Iniziamo con gli spoiler delle risposte alle vostre più probabili domande riguardanti la serie. Cerchiamo di dare un valore morale e un’utilità al clickbait, per chi è attirato dalla recensione, ma non ha voglia di perder tempo insomma. La trovate su Netflix, si tratta di una serie da sei puntate da trenta minuti circa, dal genere ibrido, un po’ comedy, un po’ drama. Era come te l’aspettavi? No. La consigli? Sì. Ci saranno spoiler? Qualche citazione qua e là, niente che precluda una buona visione.

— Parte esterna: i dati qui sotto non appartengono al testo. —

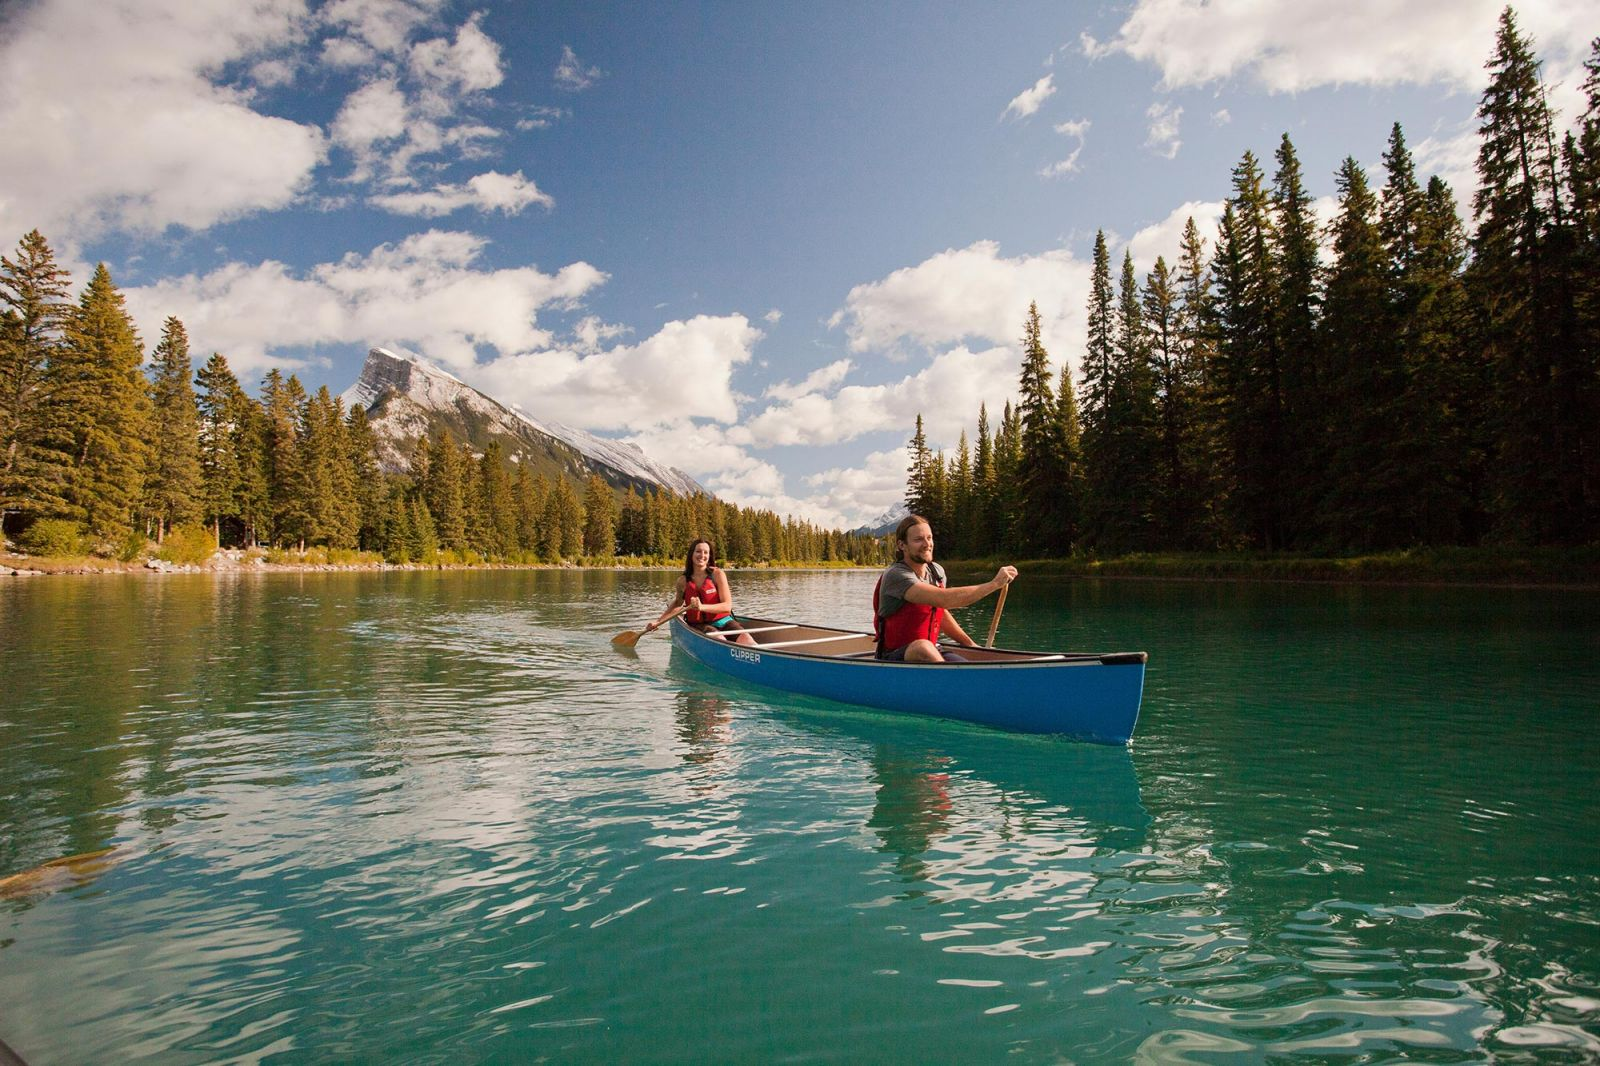 Canoeing in Banff, Alberta, Canada

INTRO OVVIA SULL’AUTORE, MA UTILE ALL’AFTER
Sebbene tu possa sembrare un megalomane egocentrico (you mean brilliant, don’t you?), quando decidi di scriverla, dirigerla e pure interpretarla come attore protagonista, sei anche senza alcun dubbio coraggioso, o, se preferite del sano cinismo, stupido, ma incredibilmente sicuro di te (elemento comunque alquanto utile se usato per convincere qualcuno a produrtela). Anche perché se ci riesci devi essere conscio che, in pratica, stai per mostrarti a tutti come mamma ti ha fatto, senza distinzione fra estranei e conoscenti. È quello che in sostanza fa Ricky Gervais con After Life, si mette a nudo. Completamente, come mai aveva fatto, né durante i suoi spettacoli di stand up comedy, né in altre serie di sua creazione come The Office, né tantomeno nelle vesti di presentatore dei Golden Globes, dove la parte più cinica e dissacrante lasciava decisamente meno spazio alla componente più umana. Un personaggio, quello di Ricky nella serie, personale e personificato. Ragione per la quale il suggerimento è quello di approfittarne, spiarlo. Siate guardoni, o voyeur se preferite un termine dal suono meno sporco e più secchione.

COSA RACCONTA
«Se state guardando questo vuol dire che non ci sono più». Quale sarebbe la vostra reazione se i destinatari di questo messaggio foste voi e il mittente la persona a voi più cara? È così, tra le note di Lovely Day di Bill Withers, che la serie ha inizio. In pochi istanti comprendiamo tutto il background del protagonista: quello che era prima, quello che è adesso. Parla di e attraverso Tony (alias R. Gervais), un uomo di mezza età che perso l’amore della propria vita, la moglie Lisa, colpita da cancro, non sente più nessuna ragione per vivere, se non quella di dover dare da mangiare al proprio cane, unico ostacolo al proprio proposito di suicidio, tra l’altro a più riprese manifestato ad alta voce e senza particolari difficoltà nel farlo. Tony scopre così un superpotere, essere uno stronzo, cinico, autodistruttivo, noncurante dei sentimenti altrui. Libero di dire e fare quel che vuole a prescindere di chi abbia davanti, tutto perché legittimato da un profondo e inguaribile dolore che come la morte l’ha provocato, solo la morte può togliere, anche se un aldilà
probabilmente non esiste.

Ma si sa, da grandi poteri derivano poi tante altre cose. Del resto, avete mai visto un film con un supereroe senza un supercattivo? I superpoteri non arrivano mai da soli e mai solo ai buoni. Avviene così una sorta di scissione tra quello che il protagonista si impone di dover essere e quello che realmente è, con tutto ciò che ne consegue. Perché non si potrà cambiare il mondo, ma si può arrivare a cambiare sé stessi, e con ciò la propria percezione delle cose, quindi il mondo, anche se solo per te. Lo vediamo in Tony e in tutti i vari personaggi che in uno schema visivo e narrativo (all’inizio ridondante, alla fine doveroso) in cui l’alternanza di spazi e presenza la fa da padrone, ambo i lati della medaglia finiscono per essere mostrati, passando da tutto nero, a tutto bianco, fino a fermarsi nelle sfumature di mezzo, dove anche i personaggi apparentemente più piatti finiscono per avere qualcosa da lasciarci.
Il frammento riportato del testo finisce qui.